Pulmonary Surfactant Metabolism Dysfunction: Congenital Alveolar Proteinosis - Respiratory insufficiency - Interstitial Lung Disease - Familial Pulmonary Fibrosis

Screening for surfactant associated gene mutations represents a major advance in the early and rapid diagnosis of several severe lung diseases like congenital alveolar proteinosis (CAP), respiratory distress syndrome (RDS), desquamative interstitial pneumonitis (DIP) and familial interstitial lung disease (ILS) in full term newborn and infants.

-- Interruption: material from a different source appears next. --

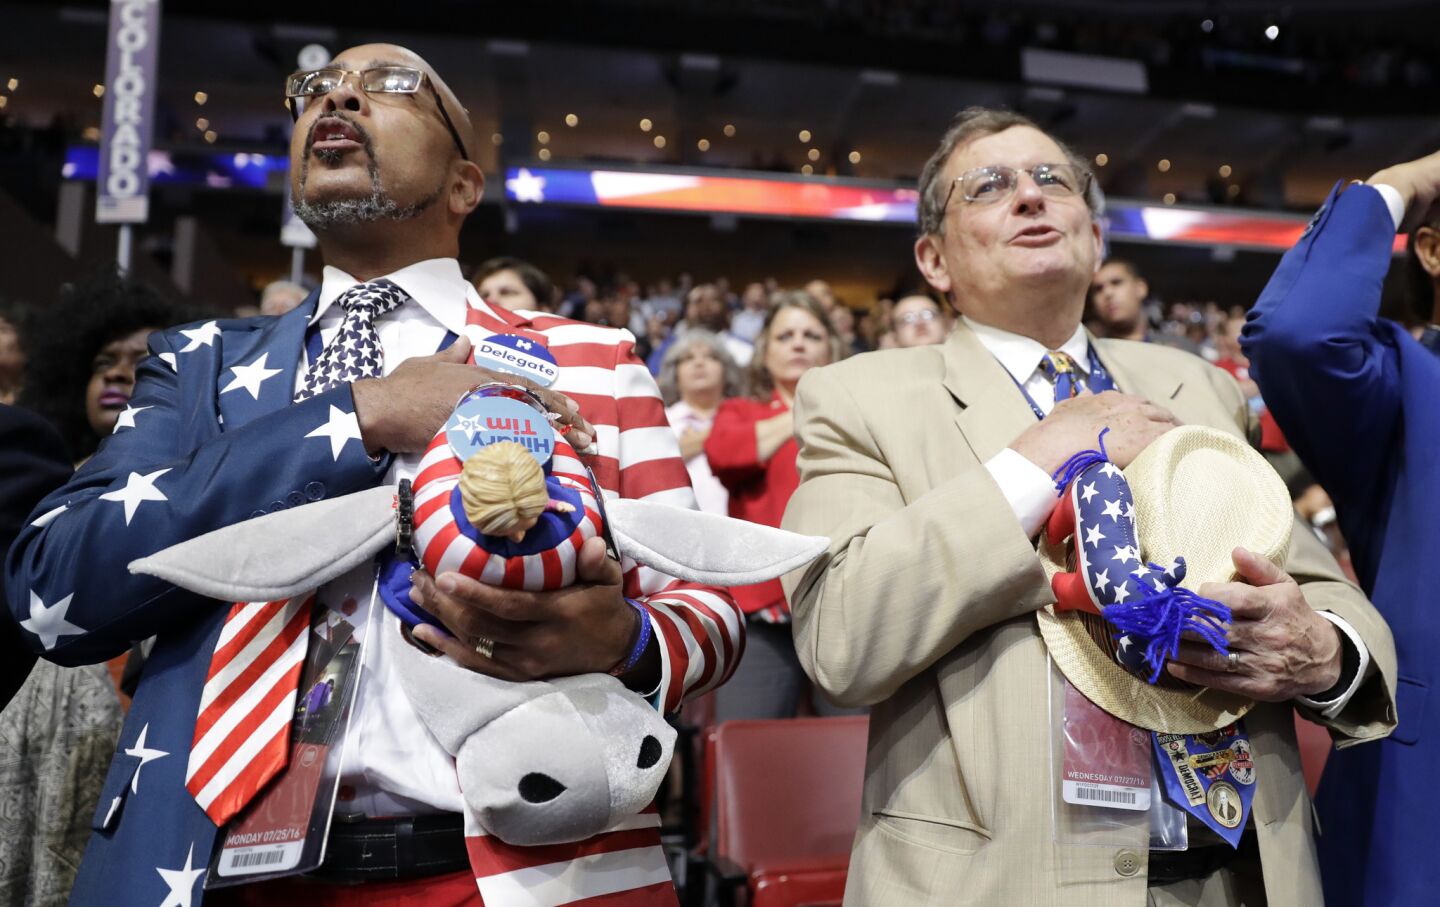 Louisiana delegates Rodney Mcfarland and Jim Harlan sing the national anthem during the third day session of the 2016 Democratic National Convention in Philadelphia on Wednesday.

In the last two decades mutations in a number of genes have been found to be the cause of lung surfactant metabolism dysfunction ^1-5. Depending on clinical symptoms, ethnic background, age and laboratory findings, these genes can be screened for mutations to confirm or exclude the clinical diagnosis. Detection of surfactant-related gene mutations is relevant for family counseling and enables prenatal mutation screening.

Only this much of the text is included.